Heading into the second quarter, a total of 35 of the hedge funds tracked by Insider Monkey held long positions in Herbalife Ltd. (NYSE:HLF) with an aggregate capital investment valued at $1.57 billion. However, there were 37 hedge funds holding $1.34 billion worth of stock at the end of 2014. During the January – March period the stock had appreciated around 13% of its value, implying that there was some capital inflow into Herbalife during the same period.
Why do we pay attention to hedge fund sentiment. Most investors ignore hedge funds’ moves because as a group their average net returns trailed the market since 2008 by a large margin. Unfortunately, most investors don’t realize that hedge funds are hedged and they also charge an arm and a leg, so they are likely to underperform the market in a bull market. We ignore their short positions and by imitating hedge funds’ stock picks independently, we don’t have to pay them a dime. Our research has shown that hedge funds’ long stock picks generate strong risk adjusted returns. For instance the 15 most popular small-cap stocks outperformed the S&P 500 Index by an average of 95 basis points per month in our back-tests spanning the 1999-2012 period. We have been tracking the performance of these stocks in real-time since the end of August 2012. After all, things change and we need to verify that back-test results aren’t just a statistical fluke. We weren’t proven wrong. These 15 stocks managed to return more than 123% over the last 35 months and outperformed the S&P 500 Index by 65 percentage points (see more details here).
Keeping this in mind, we’re going to review the new action encompassing Herbalife Ltd. (NYSE:HLF).
How are hedge funds trading Herbalife Ltd. (NYSE:HLF)?
Among the hedge funds tracked by Insider Monkey, Carl Icahn’s Icahn Capital LP held the largest position in Herbalife with around 17 million shares valued at $726.9 million at the end of the first quarter. Followed by Icahn Capital LP is George Soros’ Soros Fund Management with around 3.5 million shares worth $147.4 million. Both investors left their stakes unchanged during the first three months of 2015. On the other hand, William Duhamel’s Route One Investment Company increased its holding by around 146% to 1.8 million shares. Some other hedge funds with similar optimism includes Steven Richman’s East Side Capital (RR Partners) and Joe Huber’s Huber Capital Management.
On the opposide side stands Benjamin A. Smith’s Laurion Capital Management, which sold all its 2.8 million shares during the January – March period.

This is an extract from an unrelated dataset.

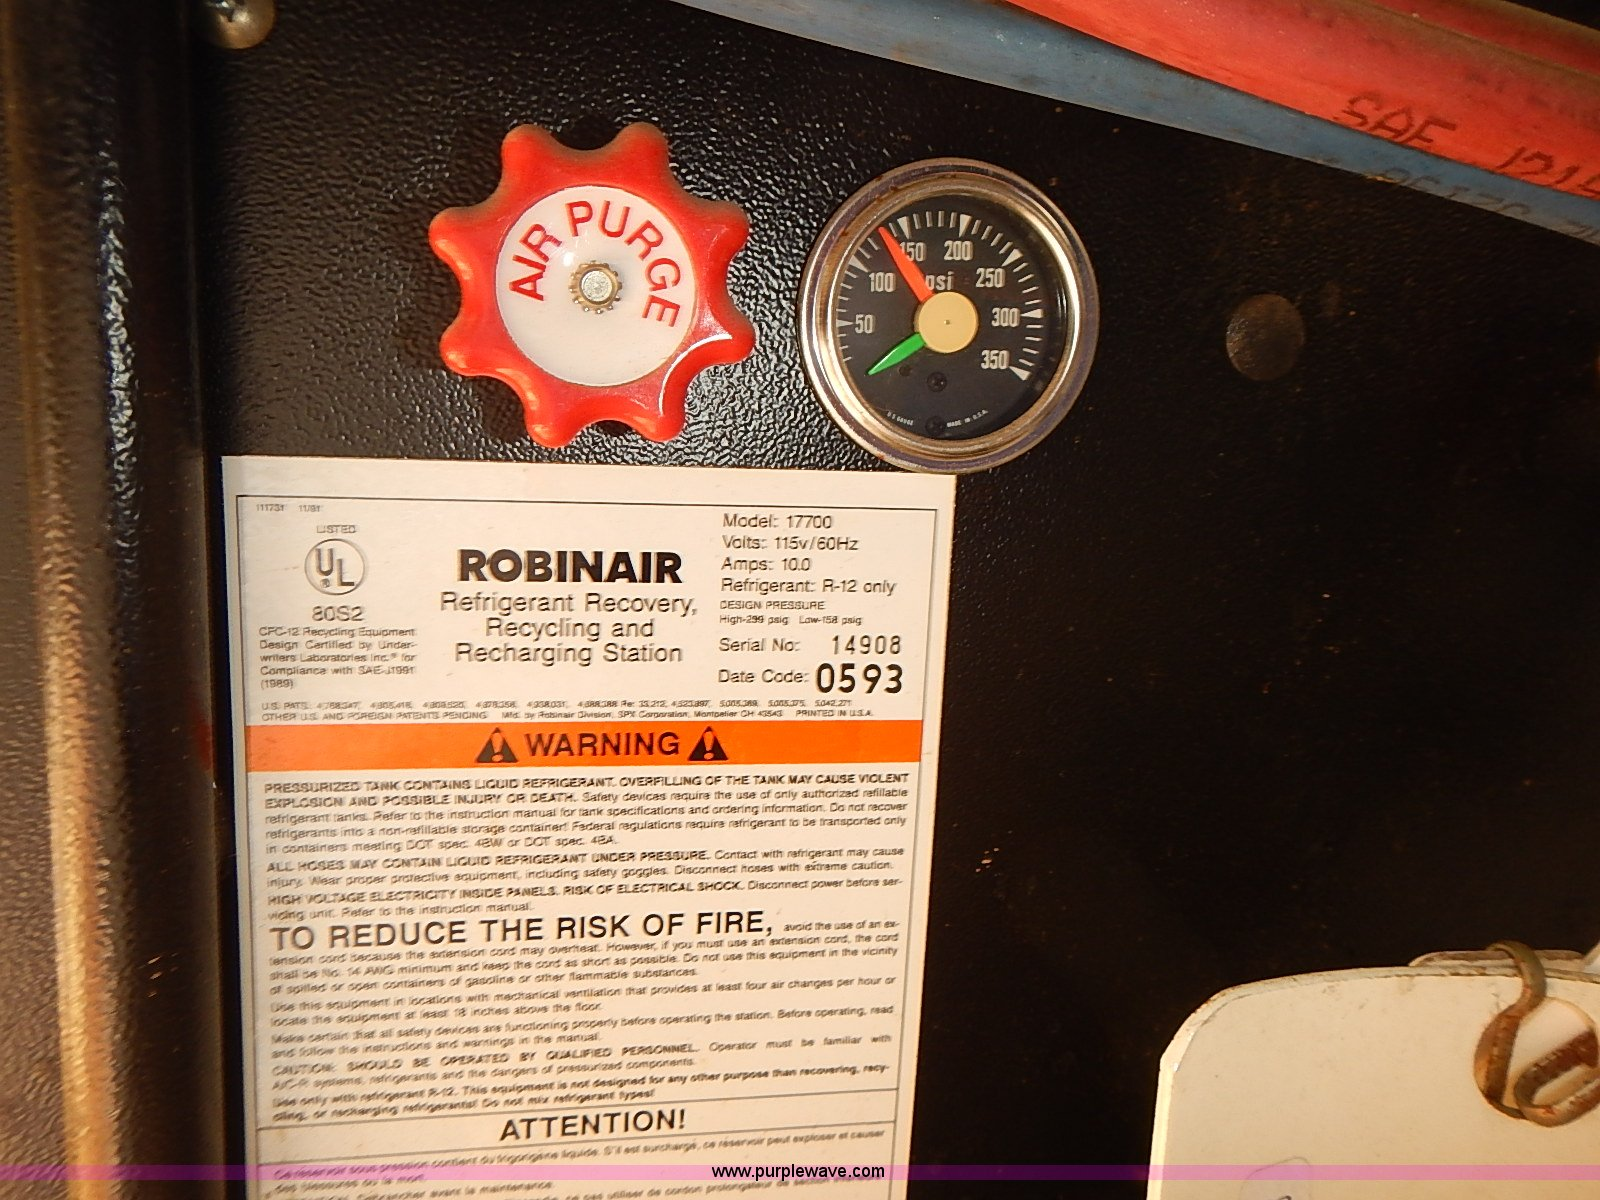 robinair enviro charge refrigerant recovery recycling rechar rh purplewave com robinair enviro charge dual manual robinair enviro charge dual manual

To sum up, strong second quarter earnings, coupled with an upgraded full-year guidance, makes this stock attractive. Many analysts also turned bullish on Herbalife by setting higher price targets. In addition, the company enjoys a bullish sentiment from hedge funds. Taking all of this into account, we consider that at the moment Herbalife represents an attractive investment opportunity.